Sekolah Steril dari Pedagang
LINDUNGI SISWA: Para siswa di SDN 1 Kepandean didampingi pihak sekolah menerima masker yang dibagikan Sat Binmas Polres Indramayu, akhir pekan kemarin. ANANG SYAHRONI/ RADAR INDRAMAYU
0 Komentar

 
INDRAMAYU- Selama pelaksanaan pembelajaran tatap muka (PTM) terbatas, SDN 1 Kepandean membuat kebijakan khusus. Salah satunya tidak memperbolehkan pedagang untuk berjualan di sekitar lingkungan sekolah.
Demikian dikatakan Kepala UPTD SDN 1 Kepandean Ida Faridah SPdSD MPd kepada wartawan koran ini, akhir pekan kemarin.
Menurut Ida, pencegahan penyebaran virus corona atau Covid-19, menjadi priotitas program sekolah selama pelaksanaan PTM terbatas (PTMT) yang telah berlangsung selama dua pekan.
Sehingga, pihaknya memastikan tidak ada pedagang yang berjualan di sekitar sekolah untuk mencegah kerumunan yang akhirnya meminimalisir penyebaran Covid-19.
“Aturan ini berlaku baik bagi pedagang dari luar, dan pemilik kantin sekolah. Kami masih belum memperbolehkan berjualan, lingkungan sekolah steril dari pedagang,” jelasnya.
Sebagai gantinya, lanjut Ida, pihaknya meminta orang tua siswa untuk  membawa bekal makanan dari rumah. “Karena tidak ada pedagang, kita mewajibkan siswa untuk membawa bekal makanan dari rumah,” ujarnya.

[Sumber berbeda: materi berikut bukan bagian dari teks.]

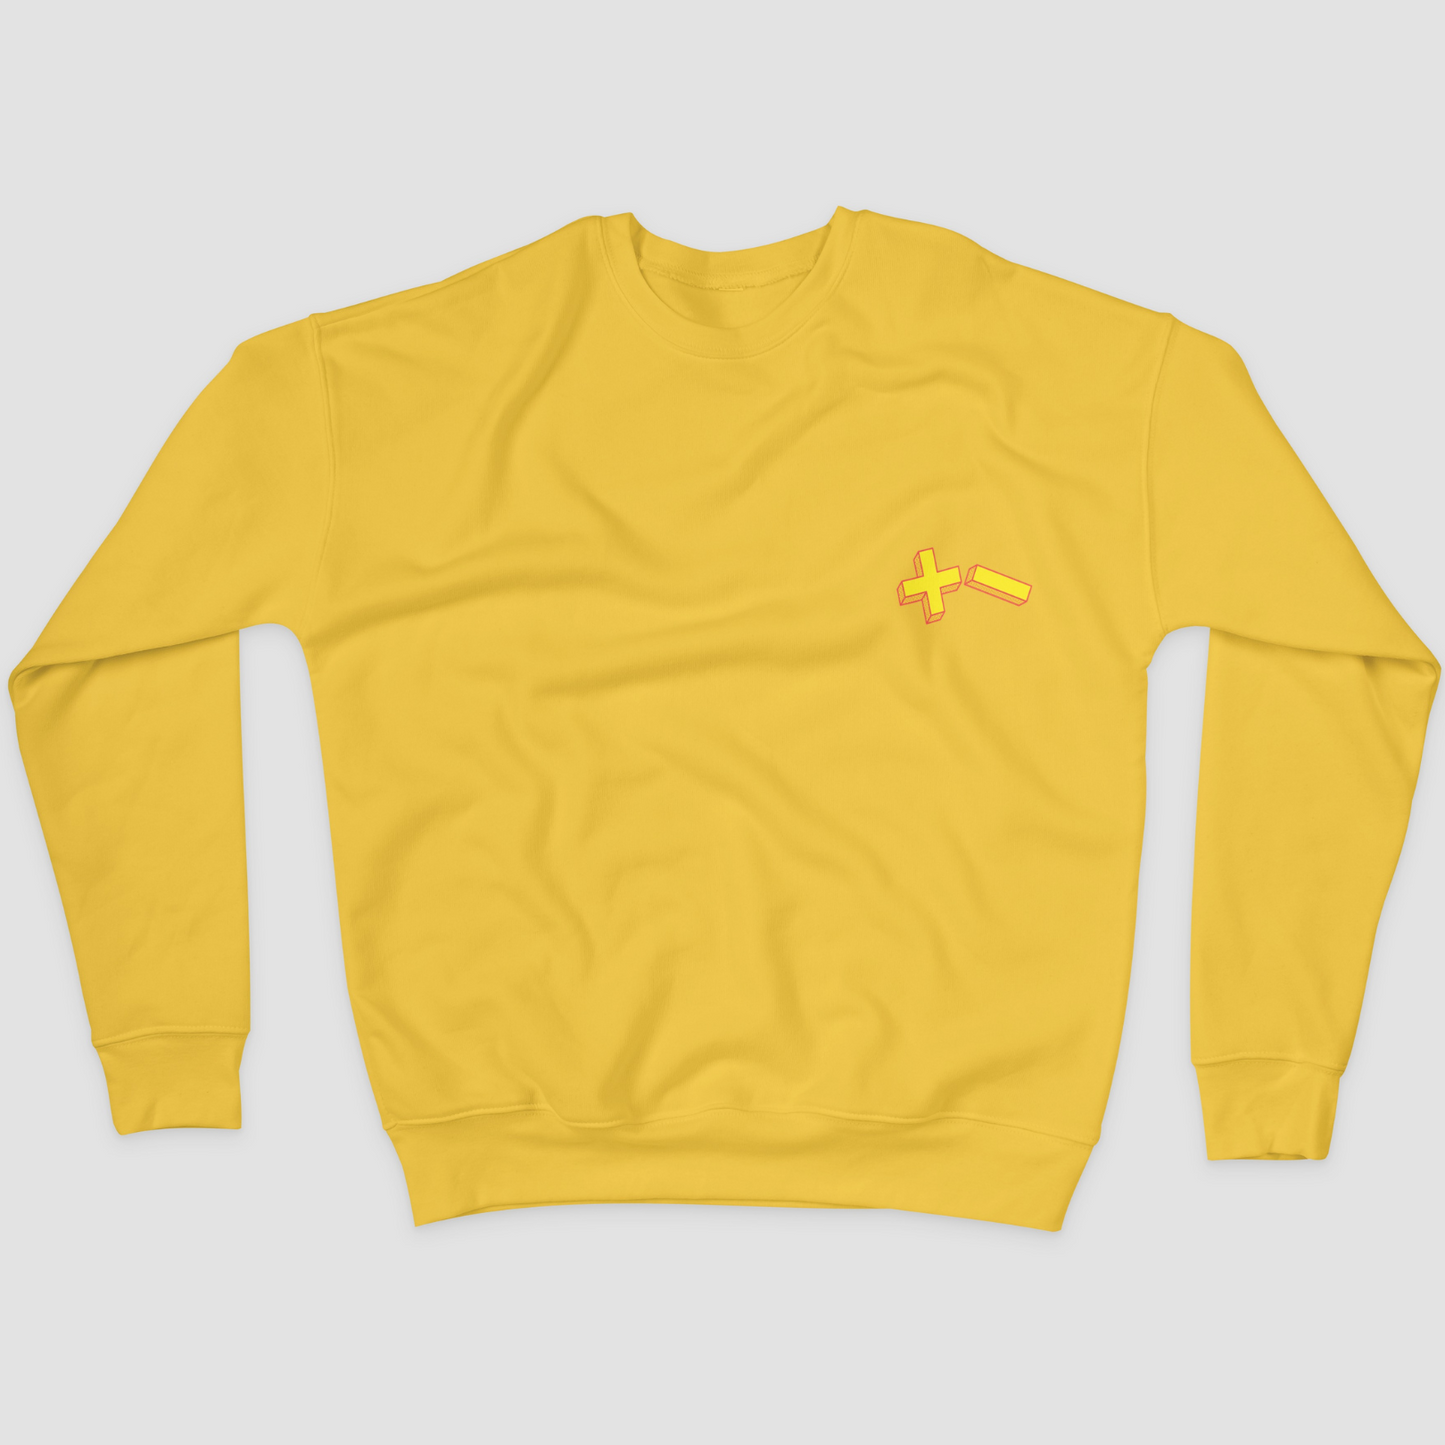 Electrify or Die Sweatshirt / Pigment Dyed Yellow

Lebih lanjut, dikatakan Ida, aturan khusus itu dibuat agar pelaksanaan PTMT berjalan dengan aman, nyaman, dan terhindar dari risiko penyebaran Covid-19.

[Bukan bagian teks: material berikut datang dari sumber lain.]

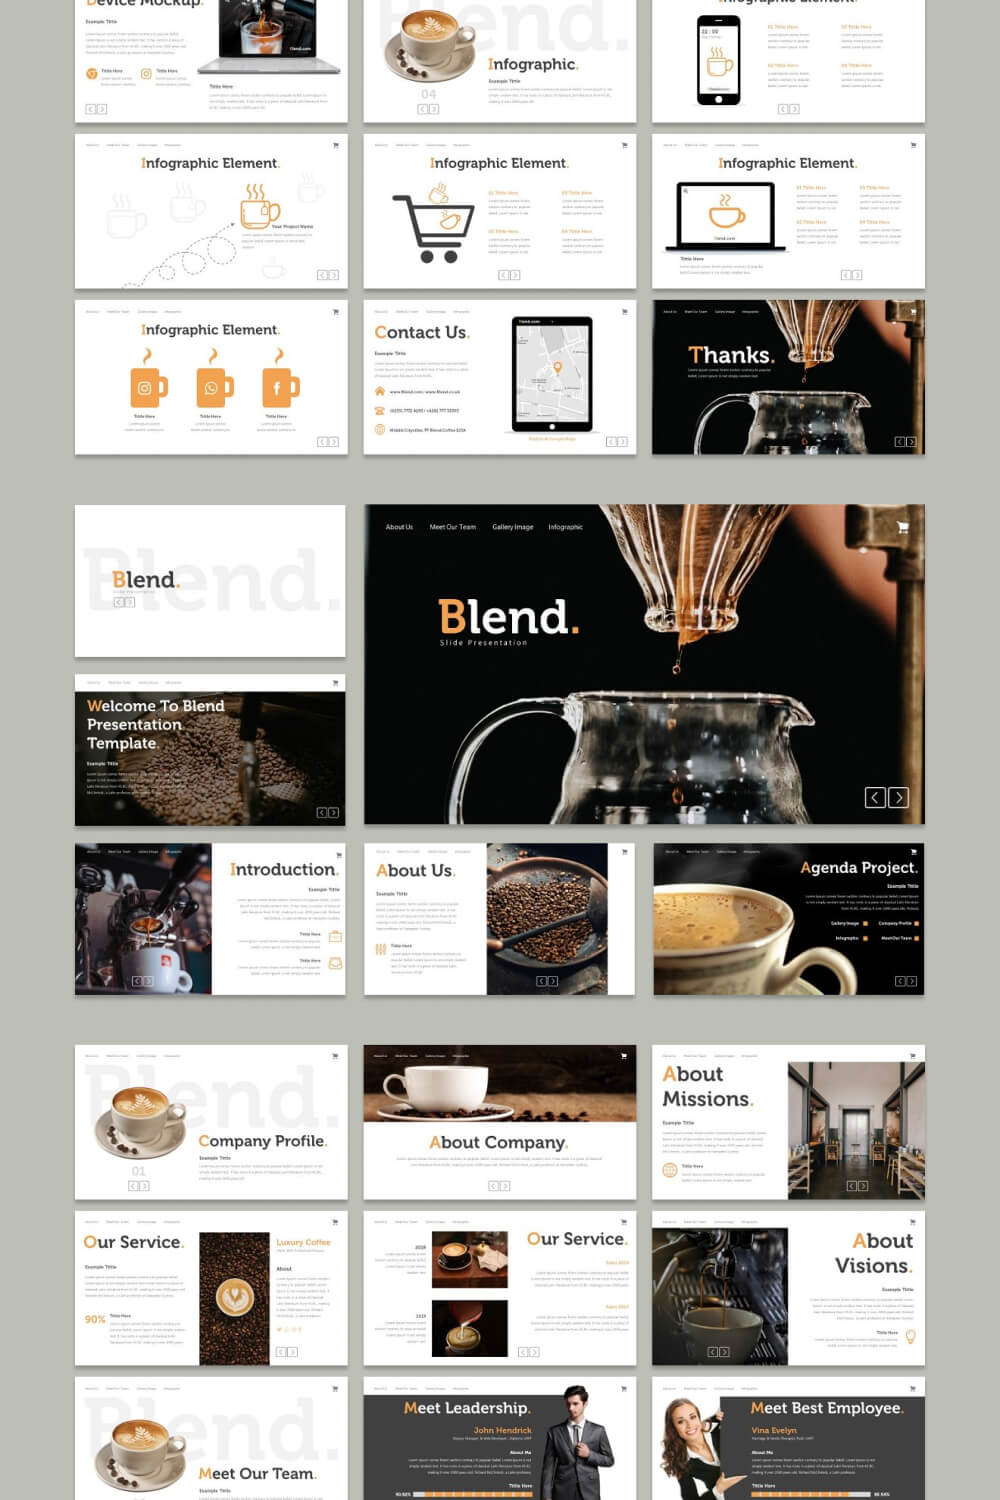 Introduction of Blend.

“Kami tidak ingin PTM terbatas ini jadi kluster baru penyebaran corona. Sehingga sekolah betul-betul  menjada dan melindungi siswa siswinya dengan menerapkan protokol kesehatan secara ketat di sekolah,” bebernya.

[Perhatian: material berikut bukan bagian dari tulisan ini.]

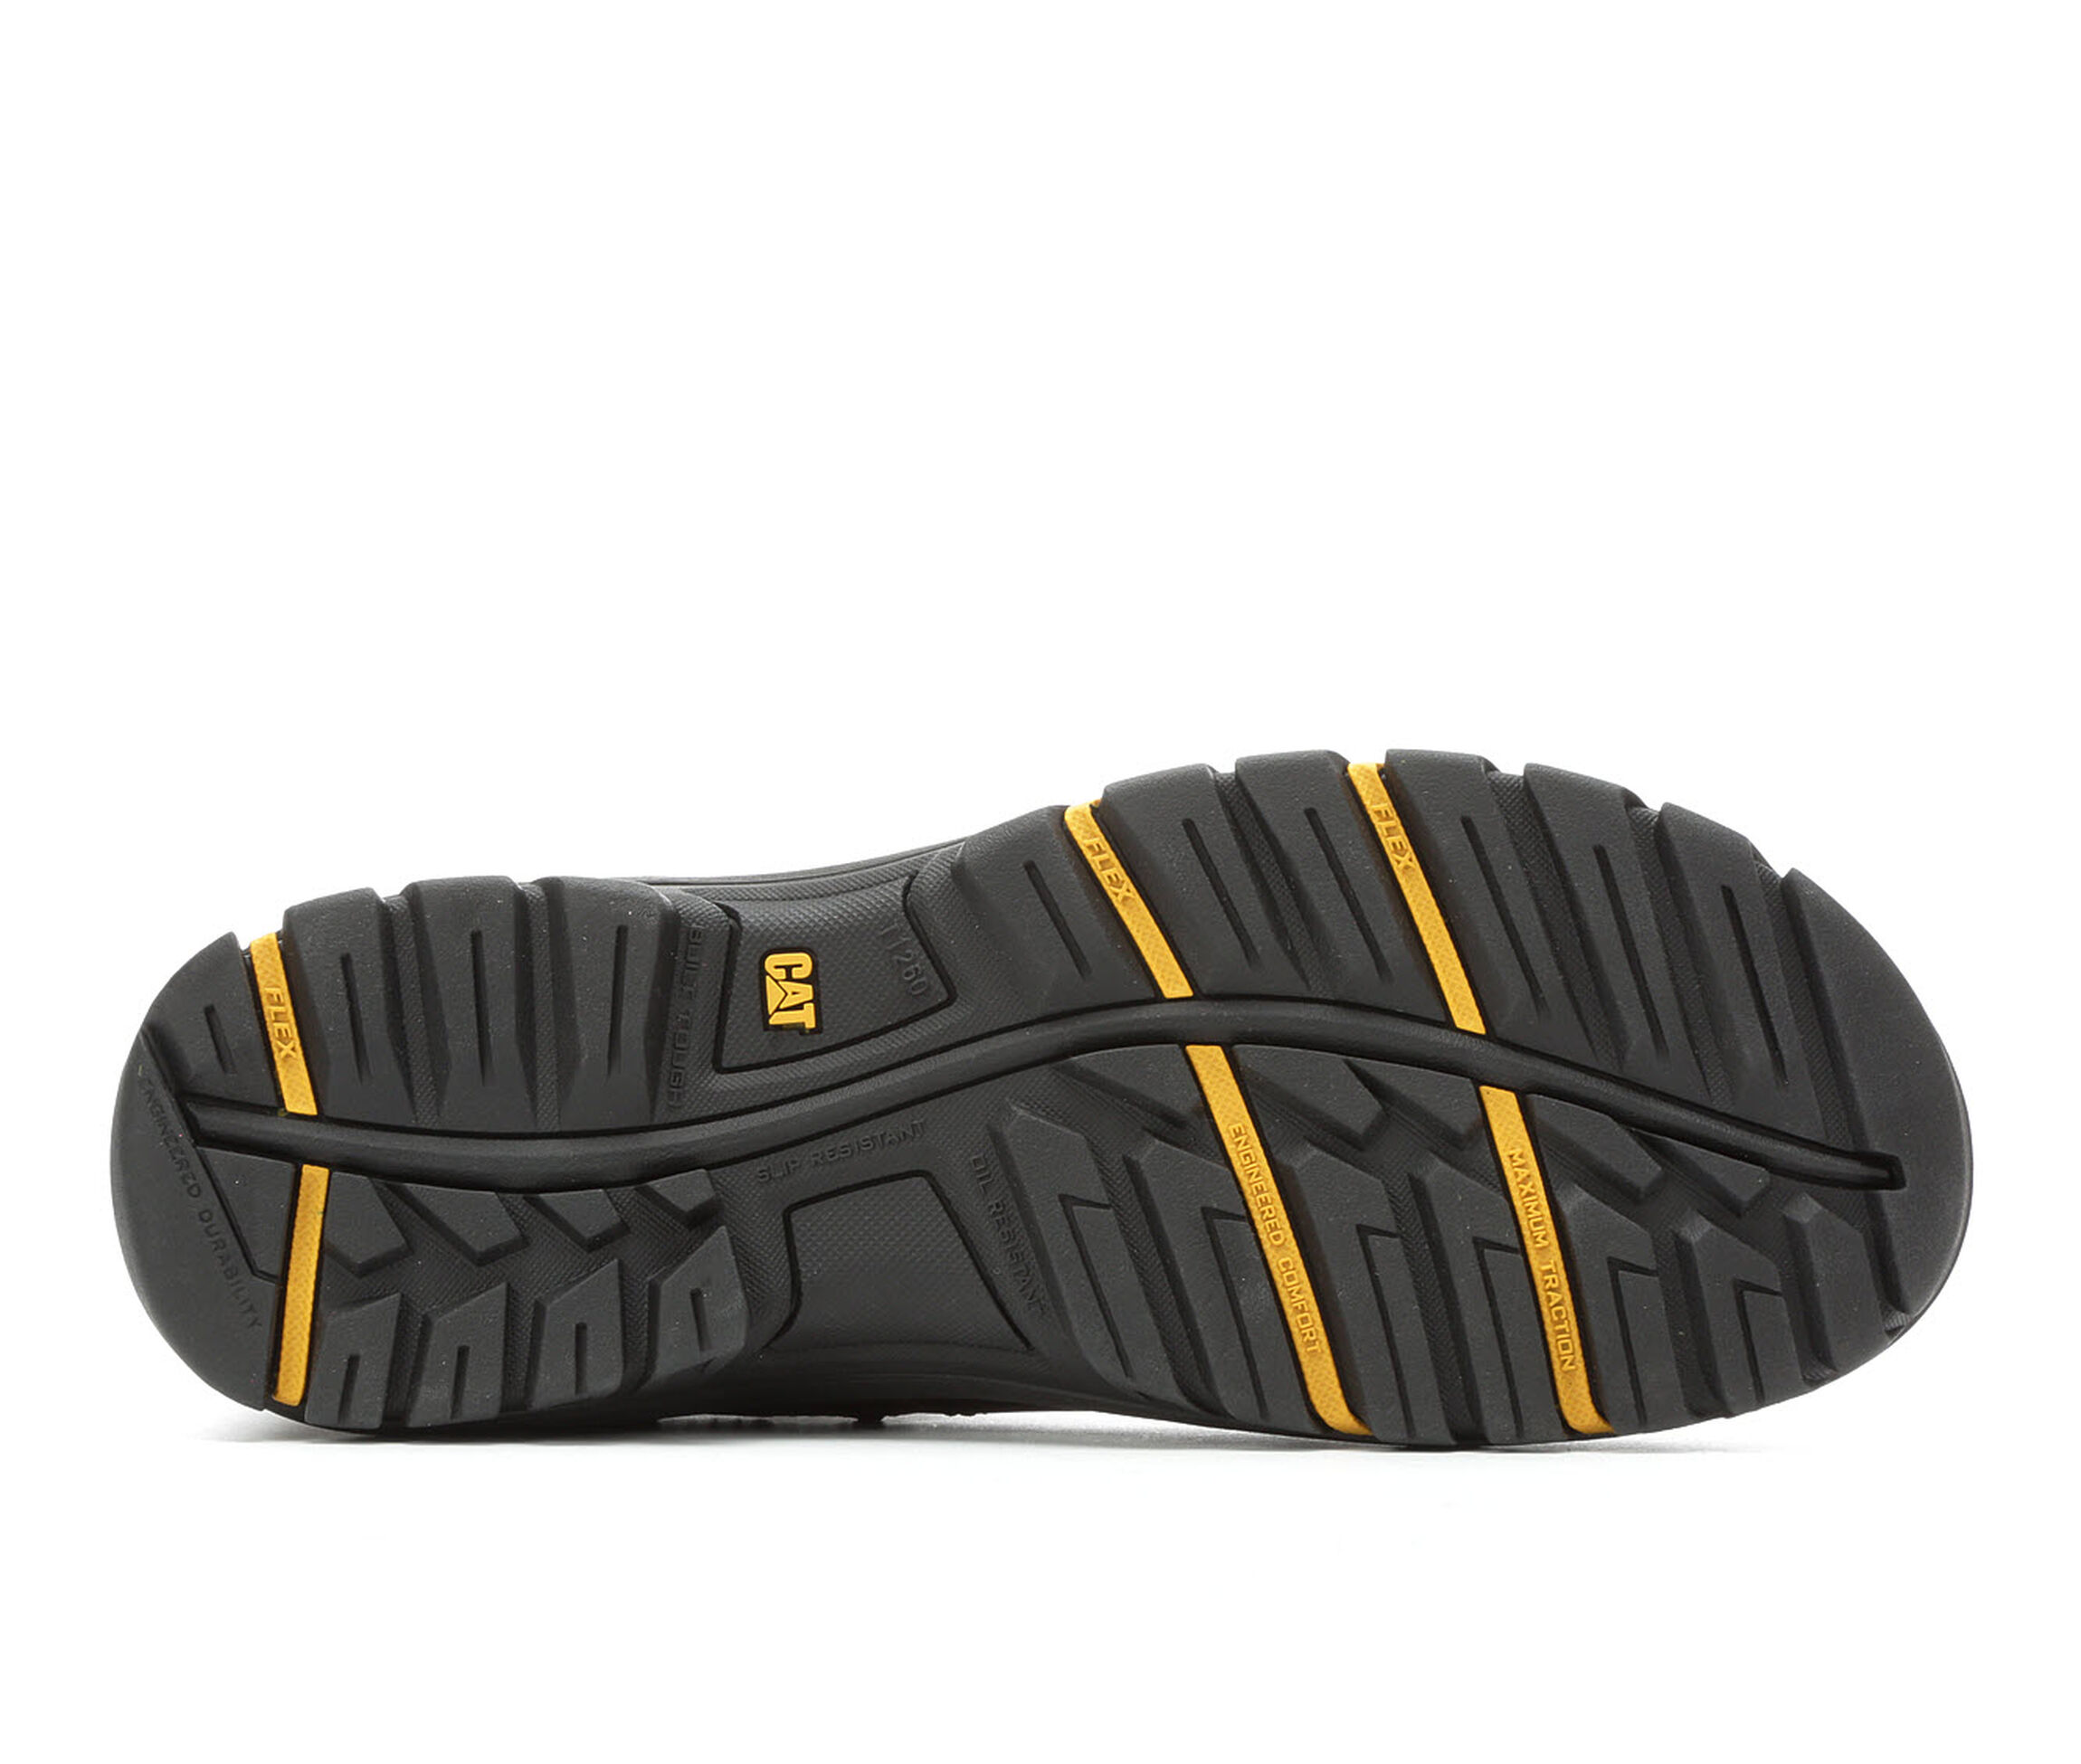 Caterpillar Work Boots & Shoes | Shoe Carnival

Untuk memberikan pemahanan terkait virus coronan dan pencegahannya, lanjtu Ida, pihak sekolah juga menyelenggarakan kegiatan edukasi pencegahan covid-19 bagi siswa dan siswa dengan menggandeng Binmas Polres Indramayu. Harapannya, kata Ida, semua siswa memahami pentingnya menjaga kesehatan di masa pandemi dan pentingnya penerapan protokol kesehatan terutama memakai masker.
“Tidak lupa kami selalu memberikan imbauan kepada orang tua siswa agar ikut serta menjaga anak-anaknya, kemudian bagi siswa yang sedang sakit kami imbau kepada orang tua jangan memaksakan berangkat ke sekolah dulu. Pada intinya kita sama-sama menjaga kesehatan agar terhindar dari serangan virus corona,” tandanya.
Dijelaskan Ida, selain melangkapi semua srana dan prasaran yang terkait pencegahan Covid-19, pihak sekolah juga telah membagi peserta didiknya mengikuti pembelajaran kedalam dua shift, dengan jumlah siswa setiap kelasnya 50 persen dari jumlah siswa.